▶ [Task to complete]
Without the pictures, repeat the listing character for character.

▶ [Supplied material]
======

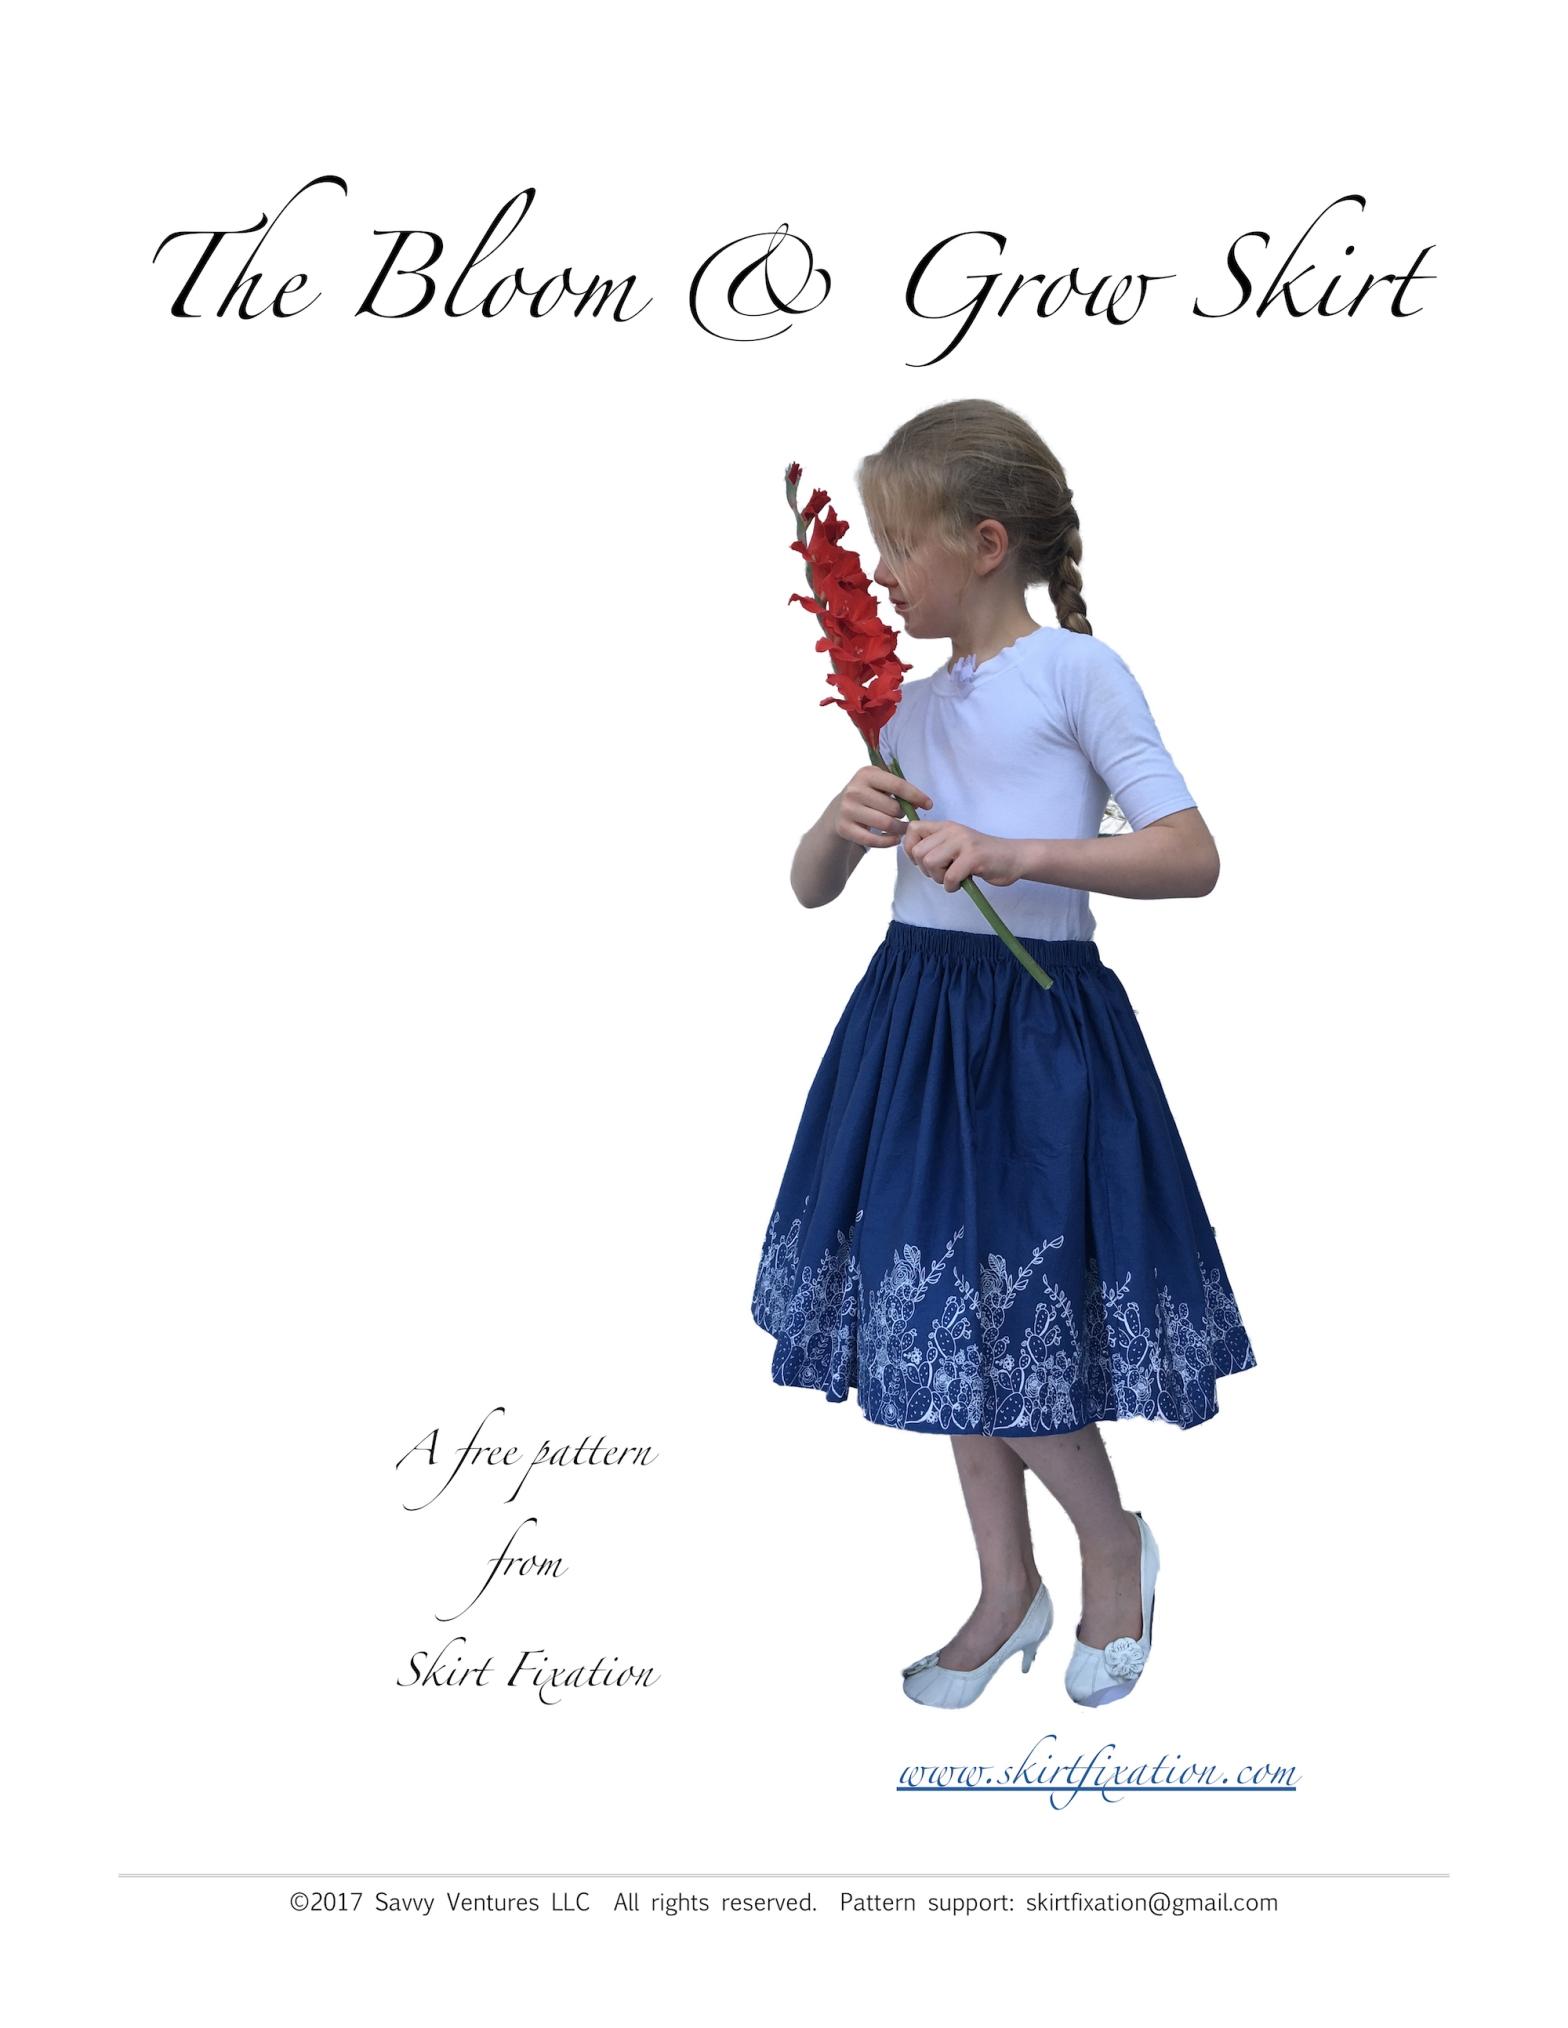 Free girl's Bloom & Grow skirt pattern from Skirt Fixation
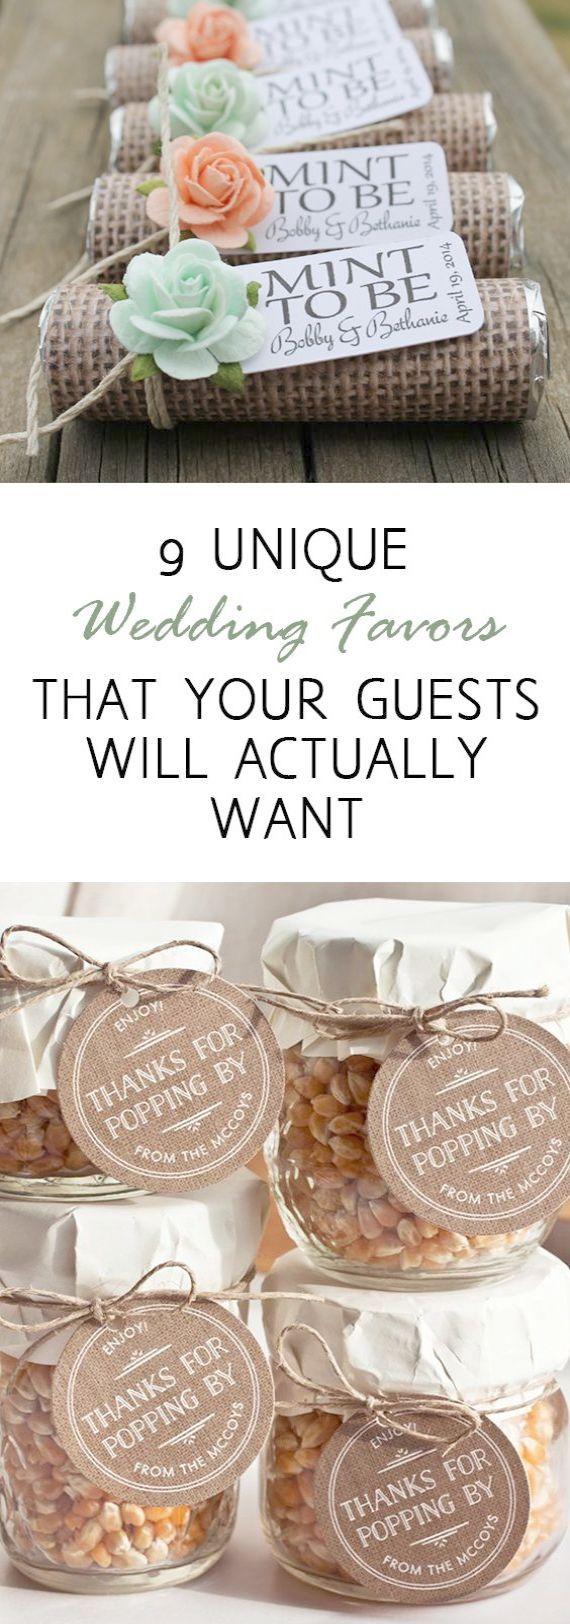 Wedding ideas simple small weddings cool wedding present ideas
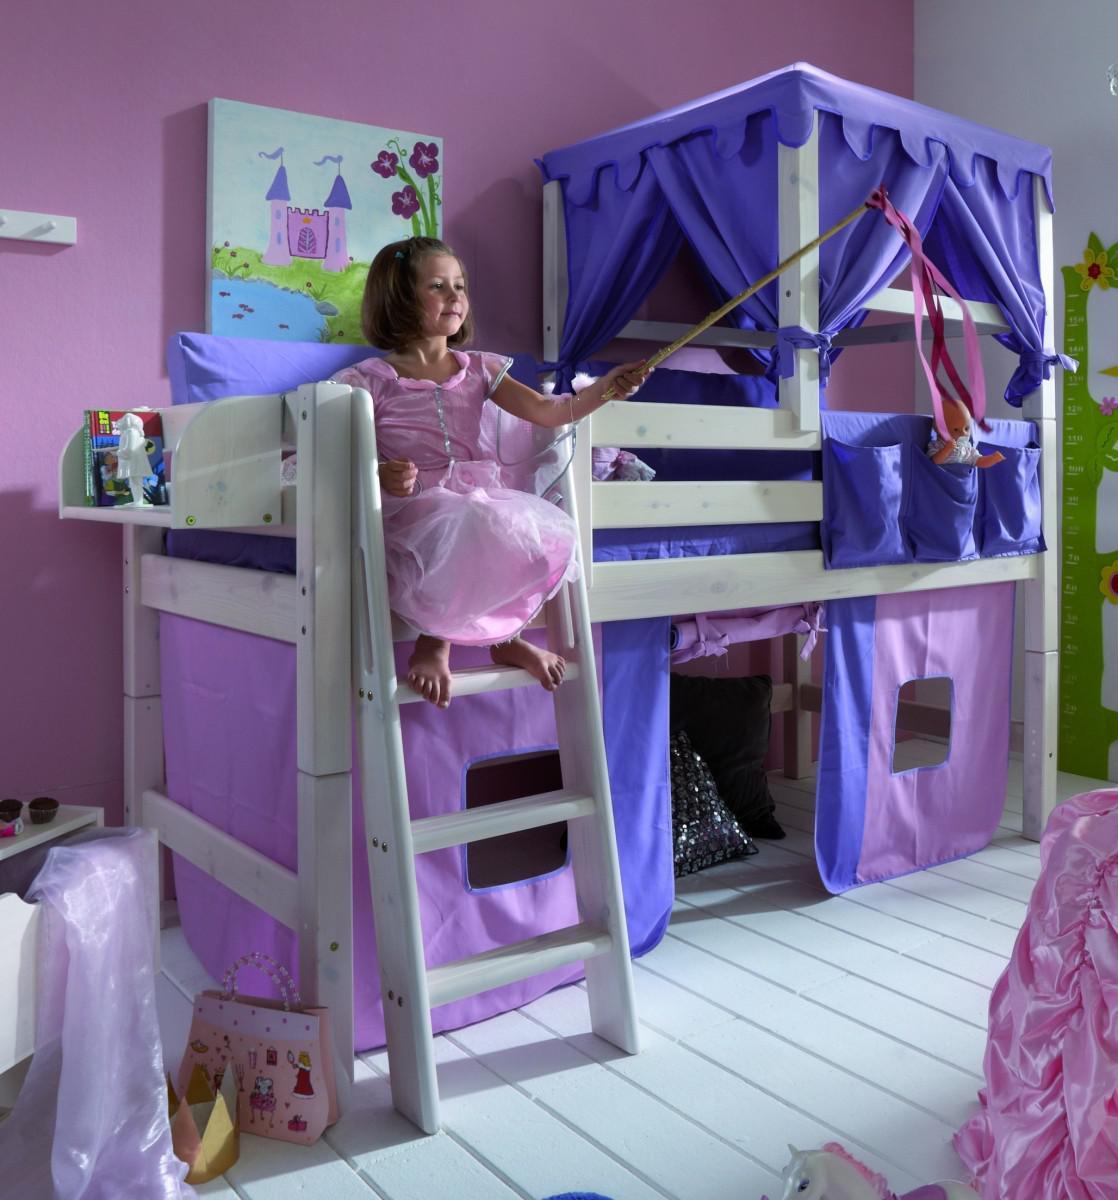 Full Size of Kinderbett Mädchen 5383ea3b29a8c Betten Bett Wohnzimmer Kinderbett Mädchen

======

▶ [Solution to this task]
 Free girl's Bloom & Grow skirt pattern from Skirt Fixation
 Wedding ideas simple small weddings cool wedding present ideas
 Full Size of Kinderbett Mädchen 5383ea3b29a8c Betten Bett Wohnzimmer Kinderbett Mädchen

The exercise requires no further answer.